Thomas C. Lynch and Evelle J. Younger, Attorneys General, William E. James, Assistant Attorney General, Joseph P. Busch, Jr., District Attorney, Harry Wood and Donald J. Kaplan, Deputy District Attorneys, for Plaintiff and Appellant.
Howard E. Lowe and Dennis Shapiro for Defendant and Respondent.
Defendant was charged by information with felonious possession of marijuana (Health Saf. Code, § 11530) and with being in a place where narcotics are smoked or used, a misdemeanor (Health Saf. Code, § 11556). Defendant's motion to set aside the information pursuant to Penal Code section 995 was granted by the superior court on the theory that the evidence against defendant on the felony charge was obtained during an improper warrantless search of defendant's house conducted for the purpose of determining whether additional participants in the felony were on the premises. The People herein appeal from the order of dismissal. (Pen. Code, § 1238, subd. 1.) We have concluded that under the particular circumstances of this case, the search for additional suspects was proper, and that accordingly the order of dismissal must be reversed.
The following facts were adduced at the preliminary examination: At 10:30 p.m. on the night of March 14, 1970, Officers Galloway and Marco were notified by police radio that there was a possible narcotics suspect at a specified address. The officers proceeded to that address and knocked on the door. Defendant opened the door and the officers immediately detected the odor of burning marijuana emanating from within. The officers identified themselves and told defendant that they had received a call regarding a possible narcotics suspect or narcotics party. Defendant admitted that he lived in the house. After a lapse of 30 seconds or so, the officers entered the house and observed a smoking marijuana roach in a metal clip on a coffee table in the living room, along with two pipes, one of which was warm and appeared to contain marijuana. The officers thereupon arrested defendant and three other persons found in the living room. Officer Marco went into an adjacent dining area and arrested two other persons.

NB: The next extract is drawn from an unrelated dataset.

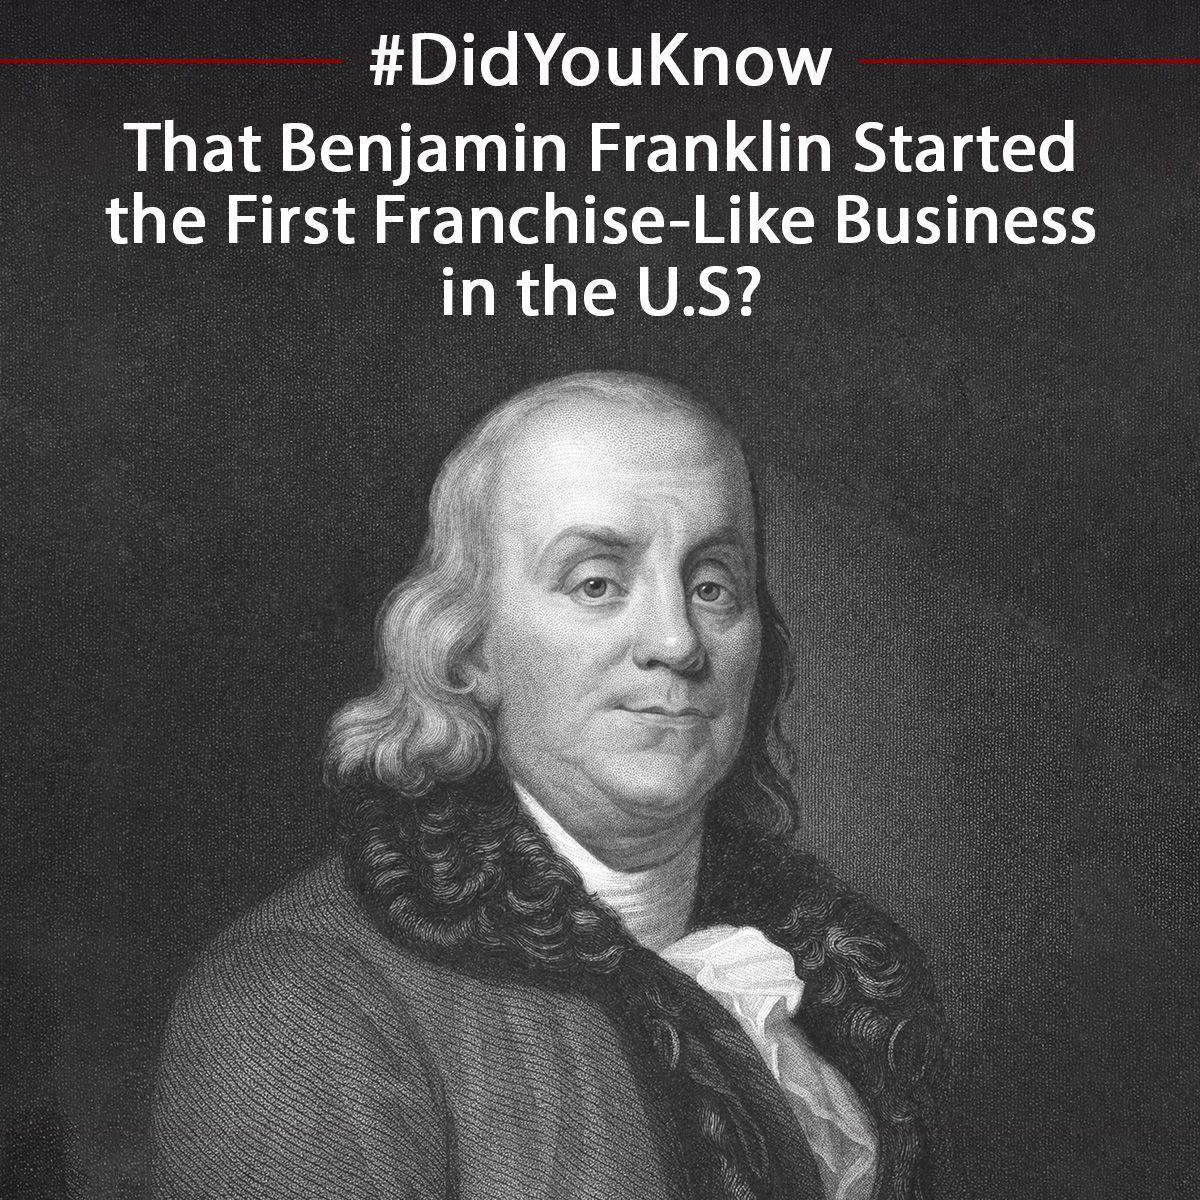 #DidYouKnow That Benjamin Franklin Started the First Franchise-Like Business in the U.S?

Although the officers later testified that there were seven suspects, their earlier testimony fails to account for the seventh suspect.
Marco observed that at least four of the six suspects had dilated eyes and pupils and an odor of marijuana upon their breath. The suspects were left in Marco's custody while Galloway went upstairs "to see if there were any other people in the house." Galloway testified before the committing magistrate that "because of the number of defendants in the house, I believed there was a possibility of more defendants" upstairs. The house was "quite large," containing three or possibly four bedrooms. Lights were turned on to illuminate the stairs leading to the second floor and the upstairs hallway. On the second floor, Galloway looked in one bedroom, a bathroom, and then a second bedroom. The light in the second bedroom was off and the door partially open. Galloway turned on the light, looked behind the door to see if anyone was hiding there, and then surveyed the room. He then observed a clear plastic vial lying in plain sight on the table and containing what appeared to be marijuana. He also saw an open jewelry box and, looking into it, discovered pieces of tin foil, a plastic bag, and a match box. He opened these items and found more marijuana.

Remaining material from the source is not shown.